Using Utility Functions

from visonorm import detect_nsw, normalize_sentence

# Detect NSW
nsw_spans = detect_nsw("sv dh gia dinh chua cho di lam")

# Normalize sentence
normalized = normalize_sentence("sv dh gia dinh chua cho di lam")

# Normalize and detect NSW
nsw_spans, normalized = normalize_sentence("sv dh gia dinh chua cho di lam", detect_nsw=True)

4. 📊 Resource Management — Dataset Management

Datasets are stored on GitHub Releases and automatically downloaded when needed.

from visonorm import list_datasets, load_dataset, get_dataset_info

# List all available datasets
datasets = list_datasets()
print("Available datasets:")
for i, dataset in enumerate(datasets, 1):
    print(f"{i}. {dataset}")

# Get detailed information about a dataset
info = get_dataset_info("ViLexNorm")
print(f"URL: {info['url']}")
print(f"Type: {info['type']}")

# Load dataset (auto-cached)
df = load_dataset("ViLexNorm")
print(f"Dataset shape: {df.shape}")
print(df.head())

# Force re-download dataset
df = load_dataset("ViLexNorm", force_download=True)

Available datasets:

  • ViLexNorm: Vietnamese Lexical Normalization Dataset
  • ViHSD: Vietnamese Hate Speech Detection Dataset
  • ViHOS: Vietnamese Hate and Offensive Speech Dataset
  • UIT-VSMEC: Vietnamese Social Media Emotion Corpus
  • ViSpamReviews: Vietnamese Spam Review Detection Dataset
  • UIT-ViSFD: Vietnamese Sentiment and Emotion Detection Dataset
  • UIT-ViCTSD: Vietnamese Customer Review Sentiment Dataset
  • ViTHSD: Vietnamese Toxic Hate Speech Detection Dataset
  • BKEE: Vietnamese Emotion Recognition Dataset
  • UIT-ViQuAD: Vietnamese Question Answering Dataset

5. 🧠 Task Models — Task Processing Models

All task models are stored on HuggingFace Hub at https://huggingface.co/visolex.

SpamReviewDetection — Spam Detection

from visonorm import SpamReviewDetection

# View available models
models = SpamReviewDetection.list_models()
print("Available models:", SpamReviewDetection.list_model_names())

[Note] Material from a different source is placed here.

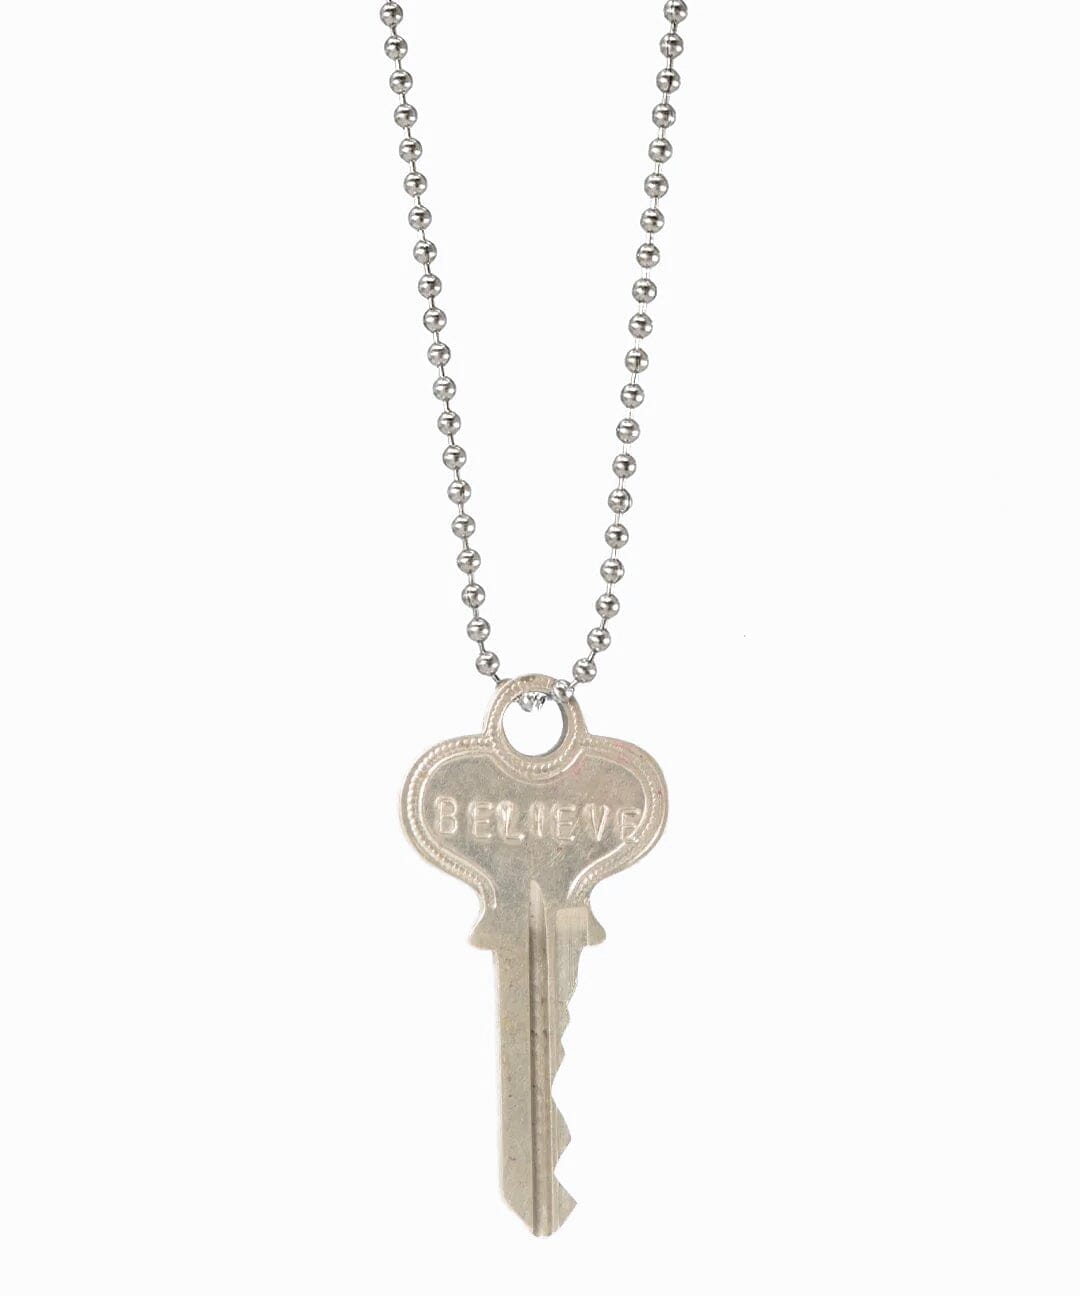 Beige Classic Ball Chain Key Necklace, Gold

# Initialize with phobert-v1 model (binary classification)
spam_detector = SpamReviewDetection("phobert-v1")

# Or use other models
# spam_detector = SpamReviewDetection("phobert-v1-multiclass")  # Multiclass model

# Detect spam
text = "Sản phẩm rất tốt, chất lượng cao!"
result = spam_detector.predict(text)
print(f"Text: {text}")
print(f"Result: {result}")
# Output: Result: Non-spam

HateSpeechDetection — Hate Speech Detection

from visonorm import HateSpeechDetection

# View available models
print("Available models:", HateSpeechDetection.list_model_names())

# Initialize detector
hate_detector = HateSpeechDetection("phobert-v1")
# Or: HateSpeechDetection("phobert-v2"), HateSpeechDetection("visobert"), etc.

# Detect hate speech
text = "Văn bản cần kiểm tra hate speech"
result = hate_detector.predict(text)
print(f"Result: {result}")
# Output: Result: CLEAN

HateSpeechSpanDetection — Hate Speech Span Detection

from visonorm import HateSpeechSpanDetection

# View available models
print("Available models:", HateSpeechSpanDetection.list_model_names())

# Initialize detector
hate_span_detector = HateSpeechSpanDetection("phobert-v1")
# Or: HateSpeechSpanDetection("vihate-t5"), HateSpeechSpanDetection("visobert"), etc.

# Detect span
text = "Nói cái lồn gì mà khó nghe"
result = hate_span_detector.predict(text)
print(f"Result: {result}")
# Output: {'tokens': [...], 'text': '...'}

EmotionRecognition — Emotion Recognition

from visonorm import EmotionRecognition

# View available models
print("Available models:", EmotionRecognition.list_model_names())

# Initialize detector
emotion_detector = EmotionRecognition("phobert-v2")
# Or: EmotionRecognition("phobert-v1"), EmotionRecognition("visobert"), etc.

# Recognize emotion
text = "Tôi rất vui mừng và hạnh phúc!"
emotion = emotion_detector.predict(text)
print(f"Emotion: {emotion}")
# Output: Emotion: Enjoyment

AspectSentimentAnalysis — Aspect-based Sentiment Analysis

from visonorm import AspectSentimentAnalysis

# View available domains
print("Available domains:", AspectSentimentAnalysis.list_domains())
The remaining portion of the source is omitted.